Although the heat of the summer is on, zucchini are in full swing, and I’ve been baking them quite often. This new recipe is a homestyle favorite, combining rice, baby bellas, zucchini, onions, and cream sauce. It’s super simple and perfect for that massive crop of fresh zucchini.
Wanna head straight to the recipe? Scroll to the bottom of this page.

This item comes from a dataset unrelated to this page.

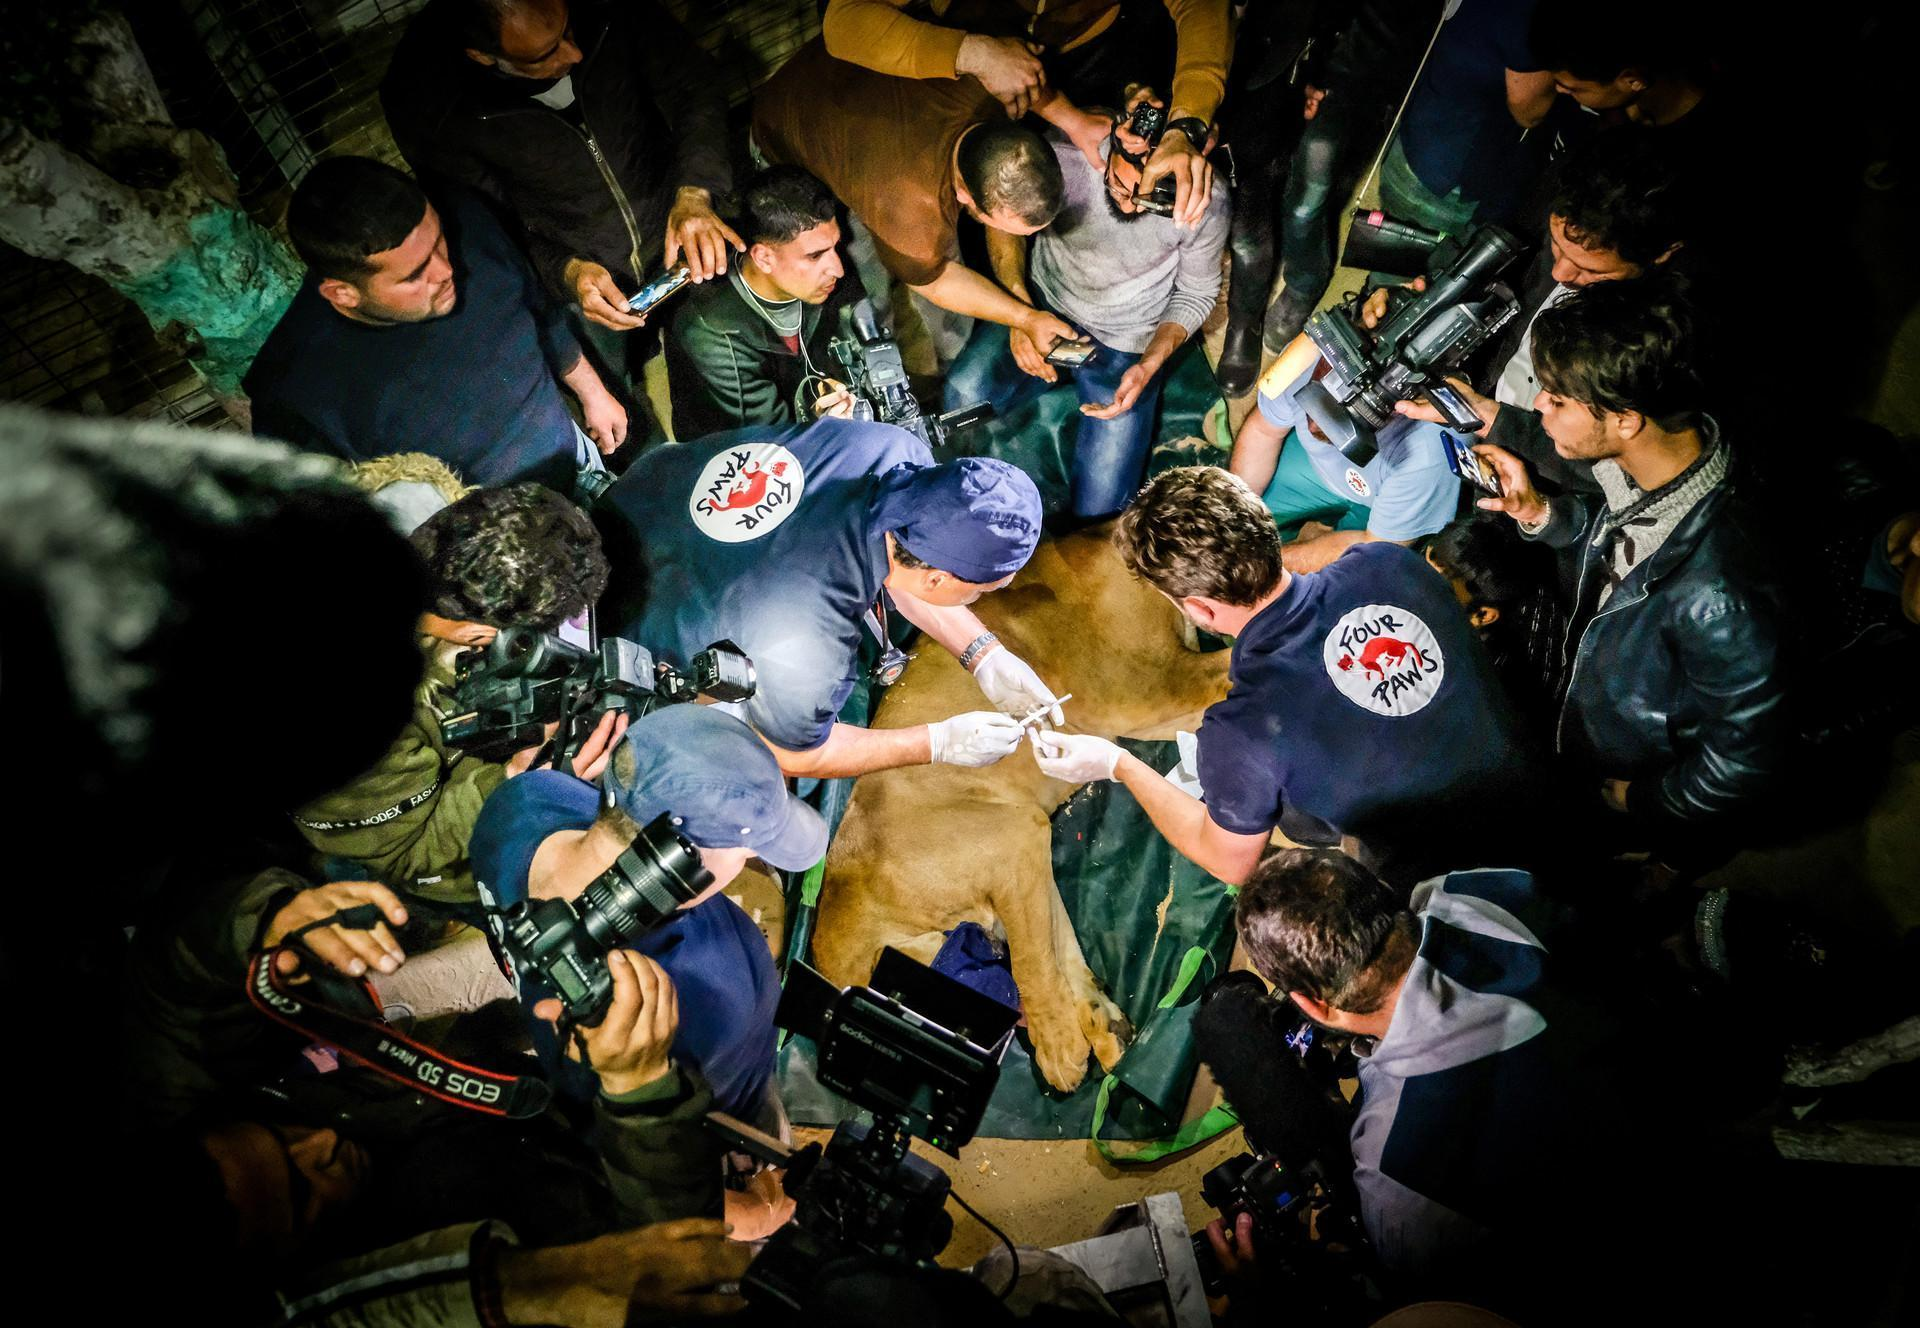 Tierarztuntersuchung während der Rettungsaktion im Gazastreifen

I, like many of you most likely, am in a complete daze. This daze is turning into disbelief and mild anxiety and a moderate sadness about the state of our world. I read an excellent article in New York Times a few weeks ago from a mom, married with two young kids, who still has her job, her husband also still has his job, and her family is healthy. Everything’s going well on the outside, aside from, you know, our world, Coronavirus, racism, our president, and even though things in her life are seemingly great, she described her life as completely numb.
Oh man, that rings true. It hit me to the core. Numb.
Work is busier than it has ever been – sun up to sun down, 7 days a week, I’m at this computer, working, coming up with ways to save my hands from typing, and convincing myself that I still need enough energy to type this blog.
My marriage is rock solid, I mean could not be better. We can afford our lifestyle. Groceries and every single thing I need comes to my house, for goodness sake. My dog is healthy, I’m healthy, my husband’s healthy, my friends and family are healthy.
And yet. Our world. It’s making me so incredibly numb.
It’s like the shock of 2016’s election all over again. The complete and total disbelief. It’s just been building this whole damn year. And now here we are, heat of the summer, and I have no clue when life will get better.
So I take a lot of savasanas. A lot. For those not into yoga, that means lying down, on the floor, in total silence, with little movement, watching the breath. I’ve talked about this recently, saying that I sit a lot. “Sit” can mean meditation for many, but really, it’s just sitting for me. My minutes in meditation are less and less these days, which might actually be one of the other reasons of so much anxiety.
The savanasas help. I encourage you to try. I probably spend an hour a day now in savasana. It’s my only form of yoga these days. Doing a sun salutation just seems like a total joke.
I wasn’t as depressed until this weekend. My husband has made the excellent decision that we’d pick up our weekly date nights again, even though neither of us go into any public places. This form of our date nights means driving around to areas of Fort Worth that we don’t know. It’s been a lot of fun. I’ve lived here for about 9 years now, and most of this city I don’t know at all.
So we’ve been going into the outskirts, and on Sunday, we went west, to my suggestion, and didn’t realize it, but we ended up in Weatherford.
And holy shit.
I don’t go to Weatherford, I’m sure it’s great, but it’s like 30 minutes west of here, and I’m a city gal. Fort Worth is small enough, I don’t want anything smaller. So I’m completely unaware of the more rural areas of our world.
And Weatherford. Dammit. We ended up in some neighborhood of nice, mostly well-kept homes, near a lake, and house after house after house had a Trump sign, banner, or flag in the front yard.
I mean, there were probably 100.
I almost cried.
I got so upset that we had to leave. I’m still upset. My breath is short right now, like it’s hard to breathe, and I’m sweating, and anything could make me burst into tears.
I had no idea. Just like in 2016. I had no freaking idea people supported him. I mean, for real. Write down all his good qualities and all his bad qualities on one piece of paper and tell me.
What the hell is going on.
I don’t mean to get so political on here, and really, I don’t see this as political. We have a dictator in office and he’s convinced small town America to be on his side. What the fuck is he doing for small town America? How is this happening?
So, savasana. It’s all I got. Maybe it’s all you got, too. Maybe you’re here with me, and for a second, we can close our eyes and breathe deep together.
And we can hold the fuck on and hope that someday soon life will look a little kinder.